:: DATA BLOCK ::
- Opening Delimiter -

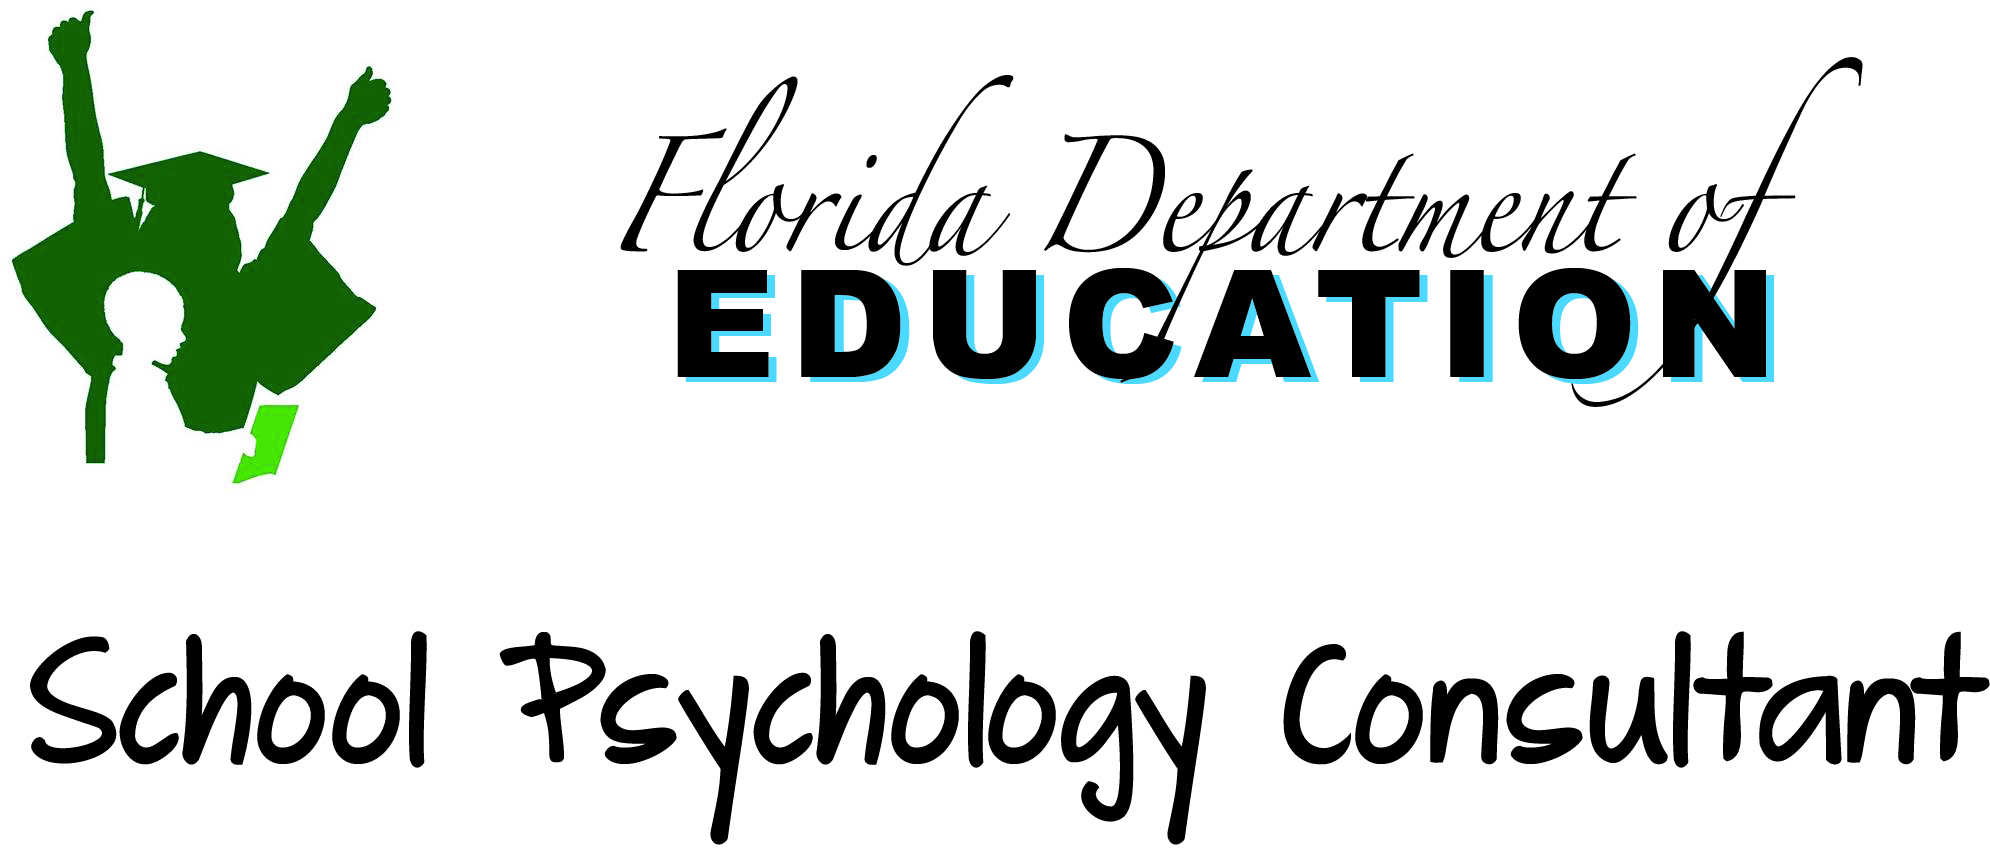 FLDOE School Psychology Consultant
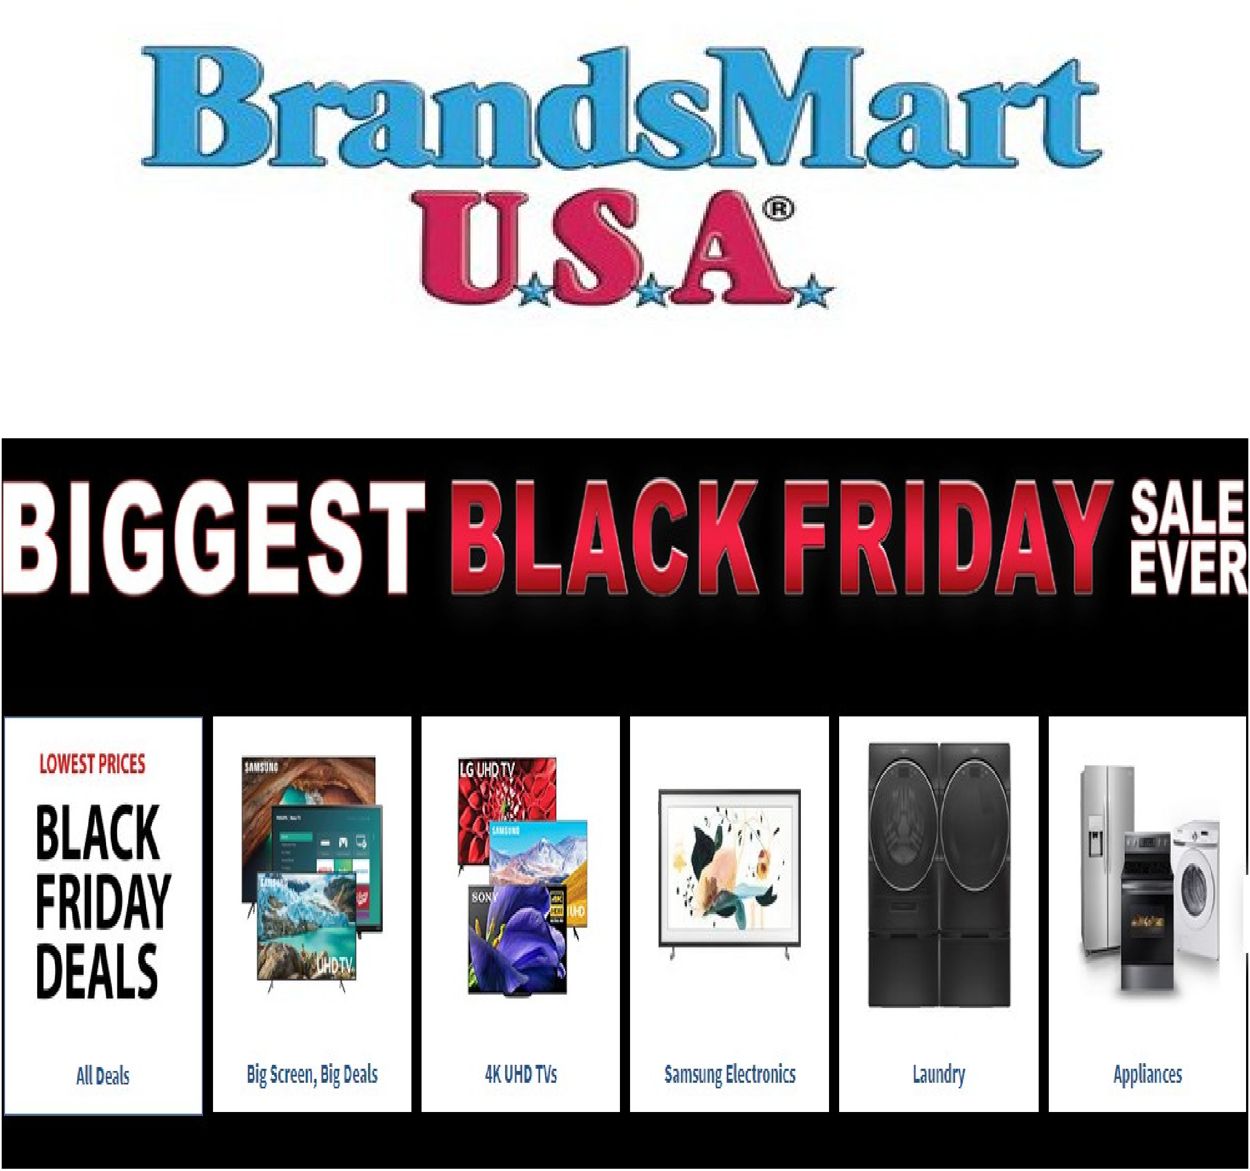 Brandsmart USA Ad from 11/26/2020
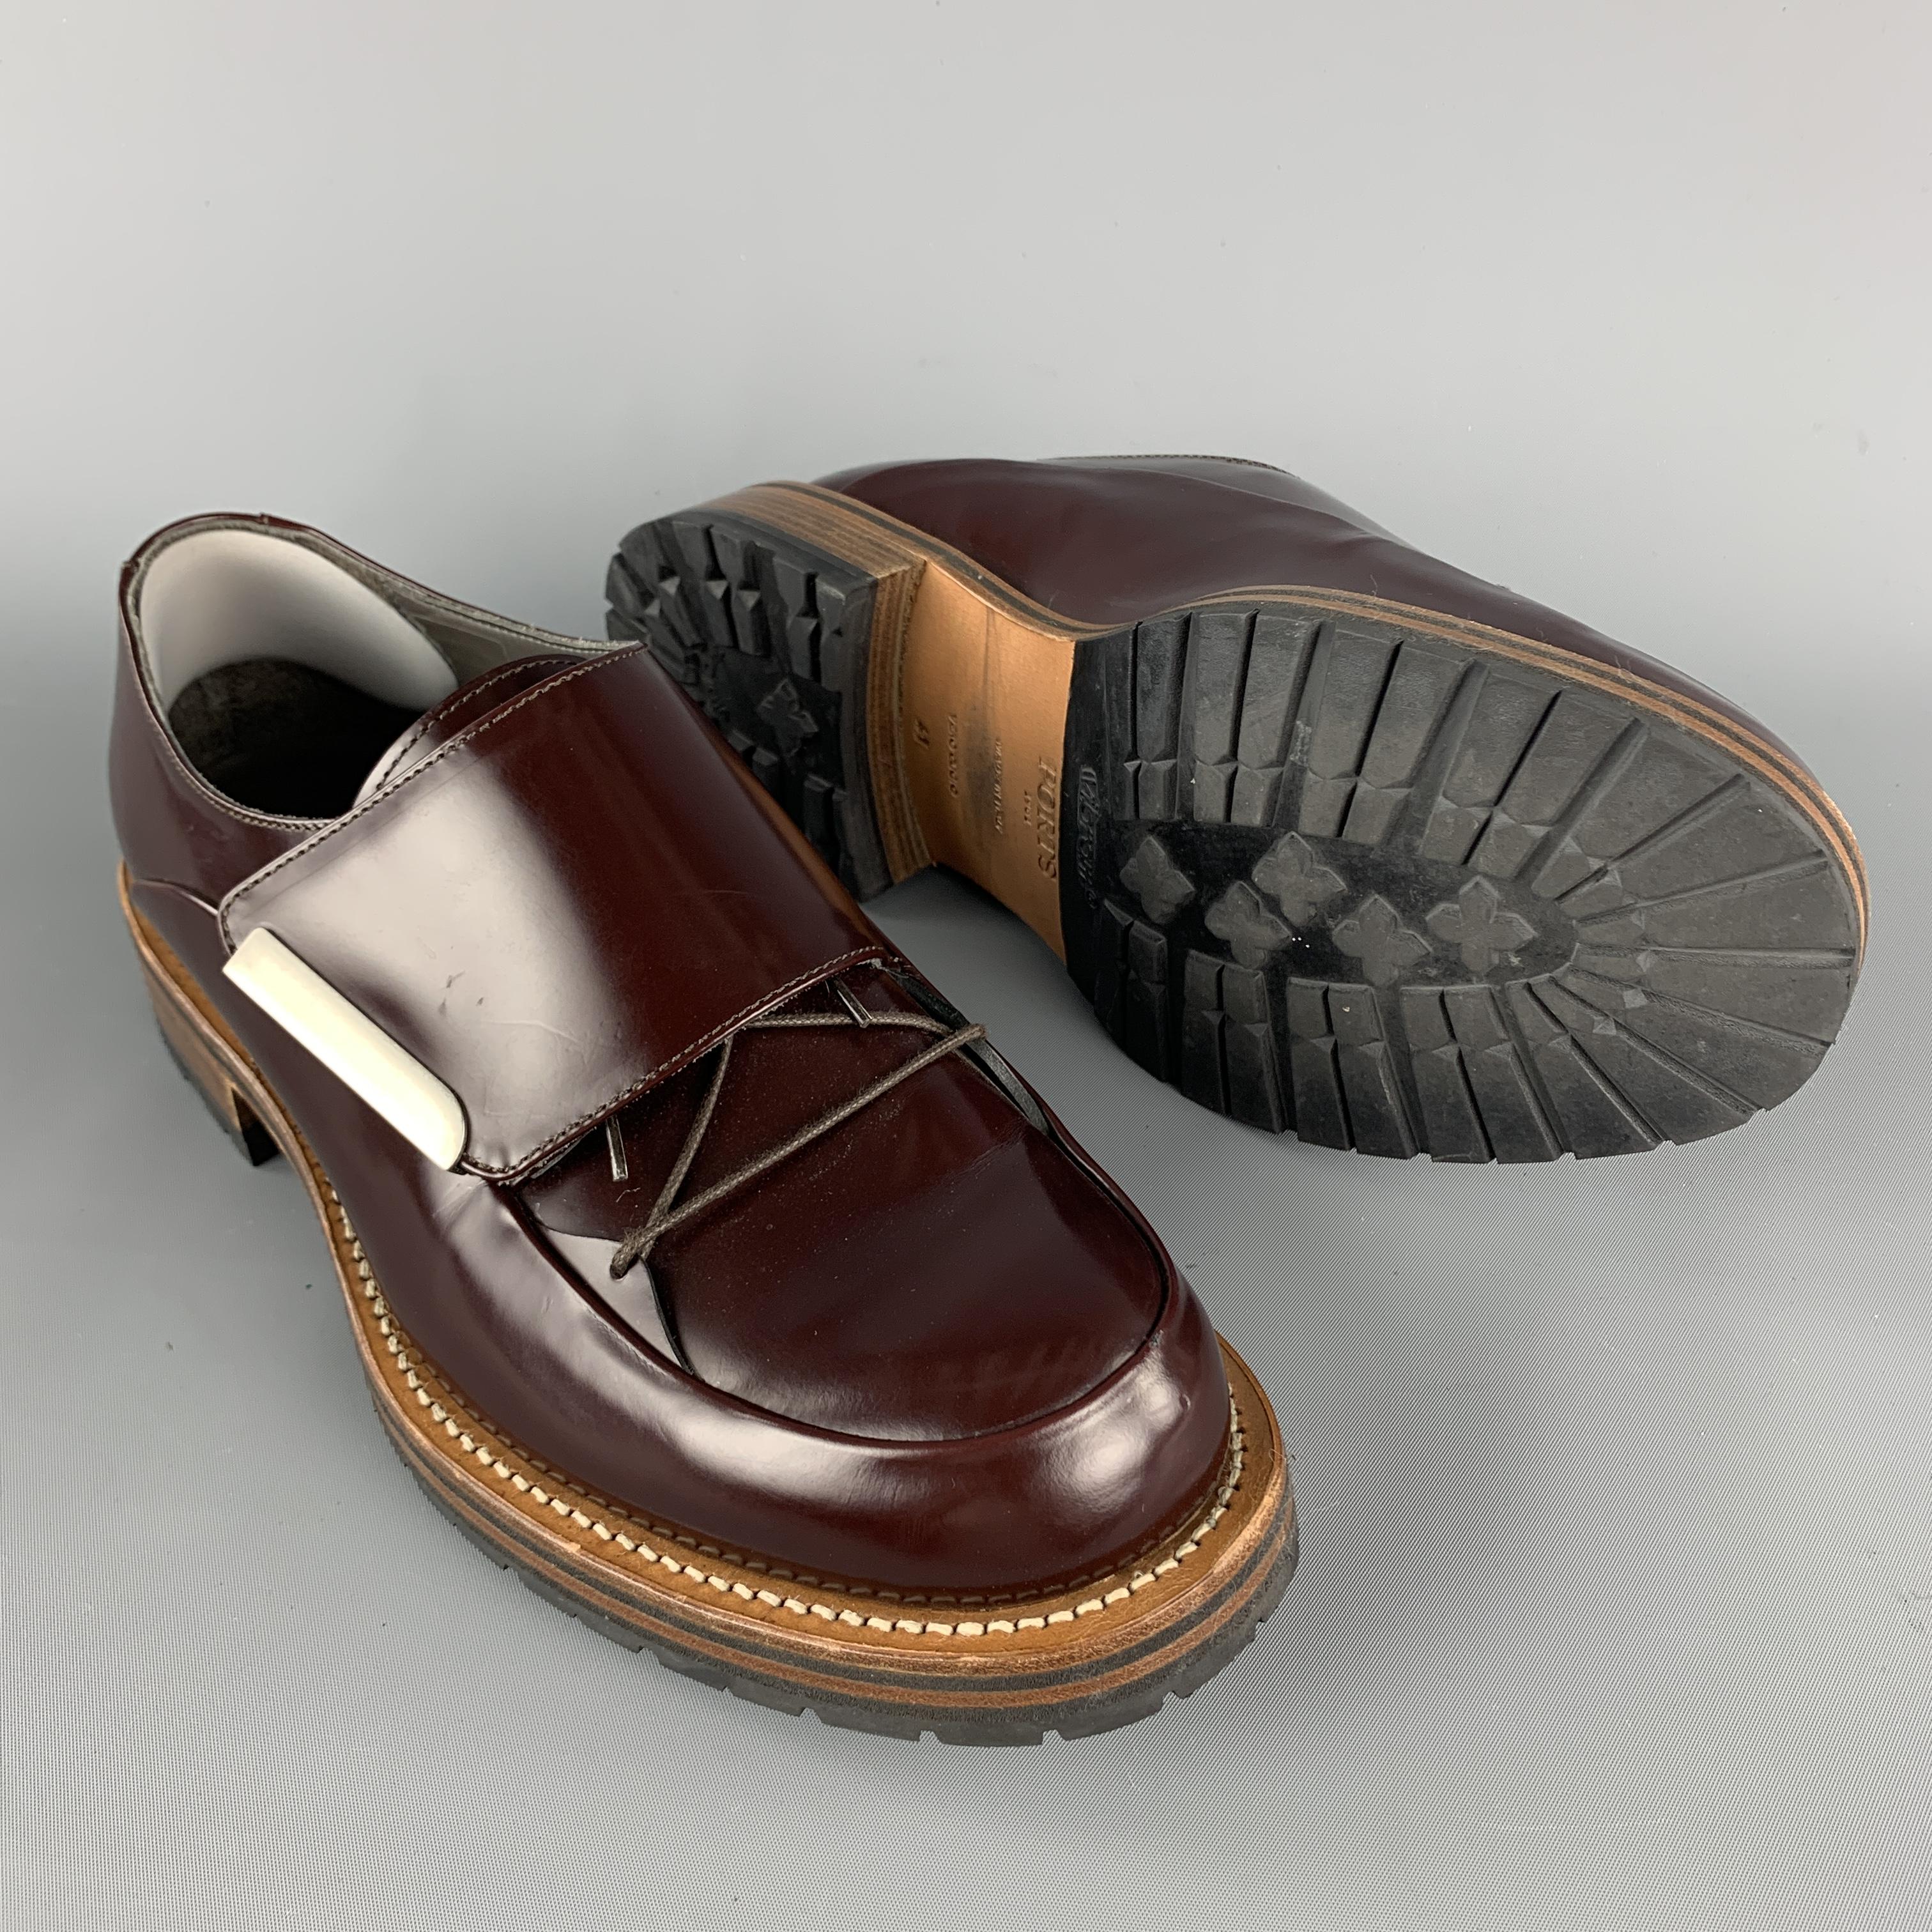 ports 1961 sandals

- Closing Delimiter -

:: EXERCISE INSTRUCTIONS ::
The listing is to be repeated word for word, with all pictures omitted.

:: ANSWER BOX ::
 FLDOE School Psychology Consultant
 Brandsmart USA Ad from 11/26/2020
 ports 1961 sandals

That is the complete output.